Closed JordD04 closed 2 years ago

JordD04 commented 2 years ago

I've been using SchNetPack for a while now and I've continued to struggle to get force predictions to perform well. The forces are consistently underestimated. I've recently tried training only on forces and although this improves predictions, it's still pretty bad. My understanding is that on initialisation, my NN's always predict forces as ≈0 eV / Å and this improves a little bit during training but the validation loss increases after only a few training iterations. Here's an example: loss_binned forces_binned Changing the size of the training set has a near-zero impact and simplifying the NNs doesn't seem to really mitigate the over-fitting. I've experimented with the learning rate parameters and it's unclear if that's helpful. Most of my forces are very low (90% ≈ 0.01 eV / Å) so I thought that may be the issue but removing most of the low force structures doesn't make as much of an improvement as I would like (this data is shown above). Here's my args.json.
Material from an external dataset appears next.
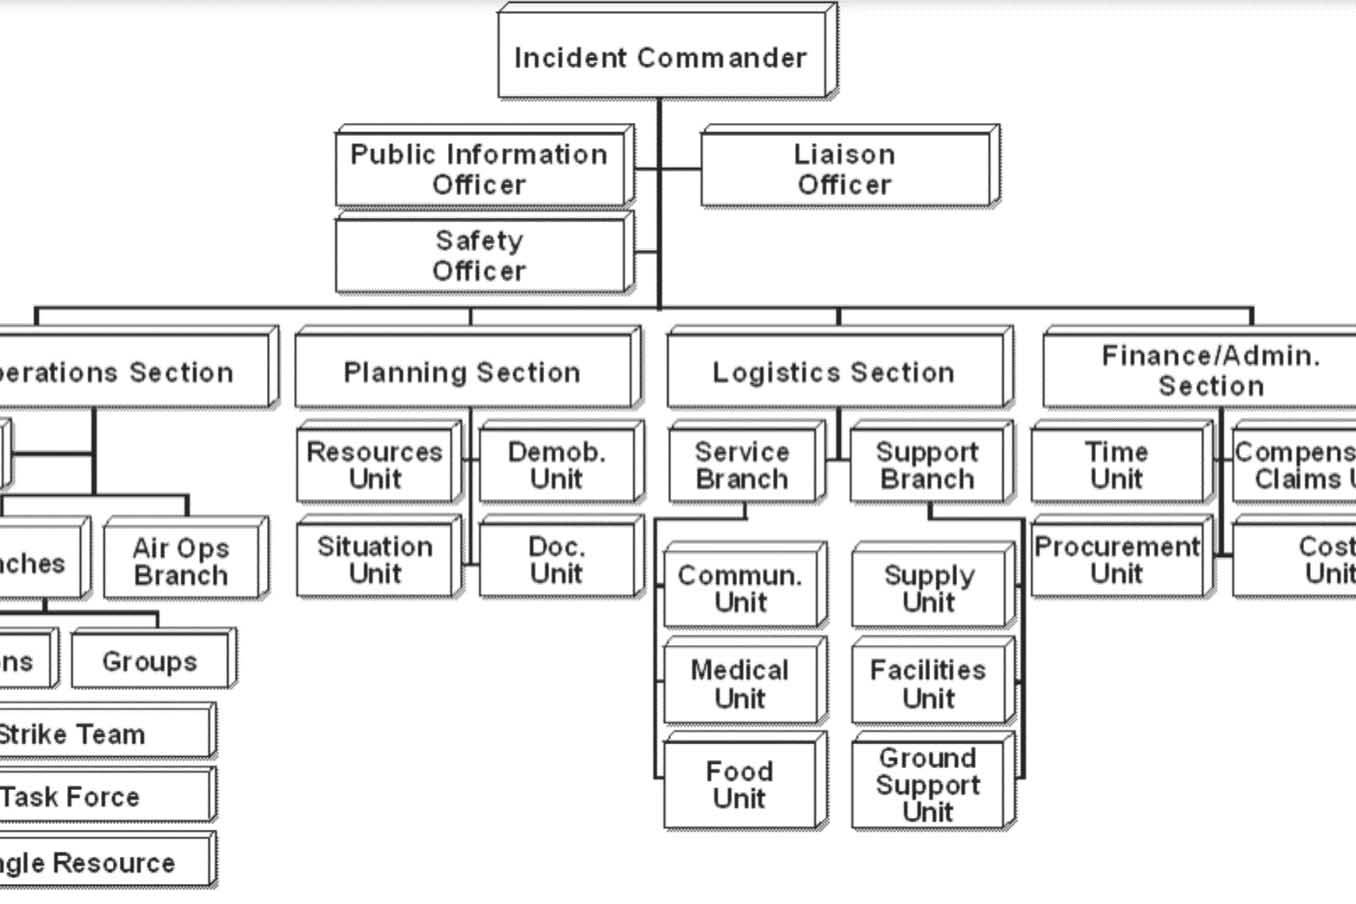 Basic Incident Command System organization chart. The ICS system has been used for many different types of incidents since its inception. (Chart from Federal Emergency Management Agency)
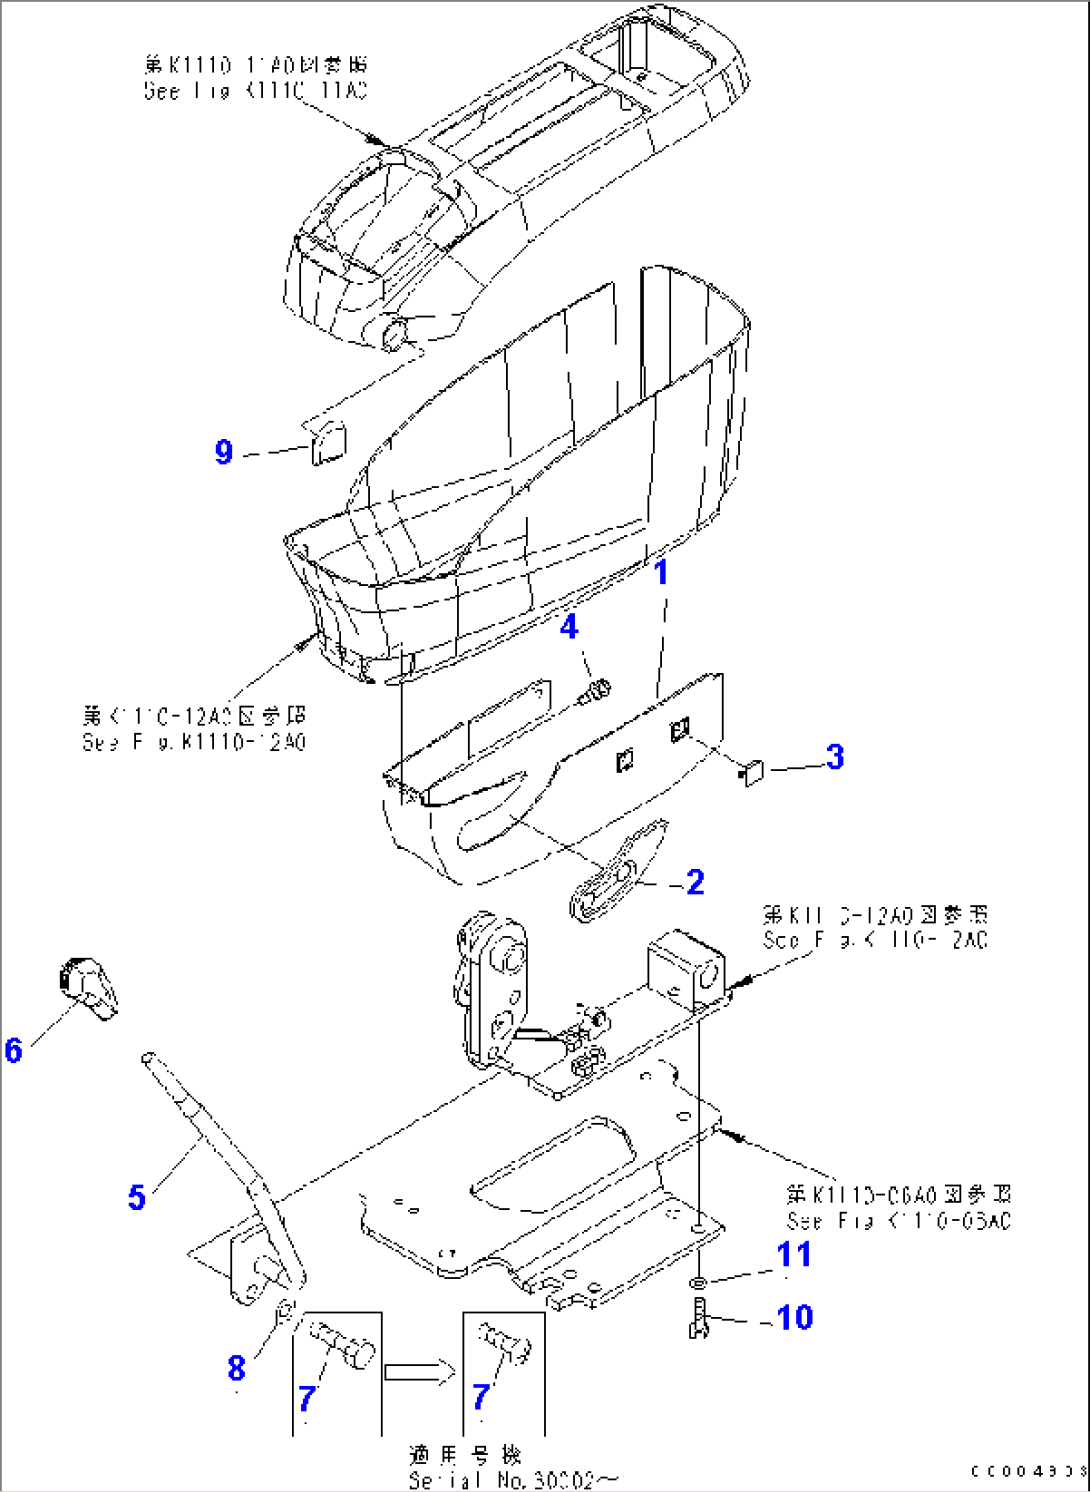 FLOOR FRAME (CONSOLE) (UNDER) (L.H.)

I've been able to get reasonably good energies with the same hyperparameters:

{
    "aggregation_mode": "avg",
    "batch_size": 300,
    "checkpoint_interval": 1,
    "contributions": null,
    "cuda": true,
    "cutoff": 5.0,
    "cutoff_function": "cosine",
    "datapath": "../../database.db",
    "dataset": "custom",
    "derivative": "forces",
    "environment_provider": "torch",
    "features": 64,
    "force": null,
    "interactions": 4,
    "keep_n_checkpoints": 3,
    "log_every_n_epochs": 1,
    "logger": "csv",
    "lr": 0.001,
    "lr_decay": 0.8,
    "lr_min": 1e-06,
    "lr_patience": 25,
    "max_epochs": 5000,
    "max_steps": null,
    "mode": "train",
    "model": "schnet",
    "modelpath": "model/",
    "n_epochs": 10000,
    "negative_dr": true,
    "normalize_filter": true,
    "num_gaussians": 30,
    "output_module": "atomwise",
    "overwrite": false,
    "parallel": true,
    "property": "formation_energy_per_atom",
    "rho": {
        "derivative": 1.0,
        "property": 0.0
    },
    "seed": null,
    "split": [
        null,
        null
    ],
    "split_path": "model/split.npz",
    "stress": null
}

I'm training on CASTEP Geometry Optimisation on a periodic ternary system. A colleague is training on VASP MD data (again periodic), for which the forces are higher (~2.5 Å) and is getting better force performance but still not ideal.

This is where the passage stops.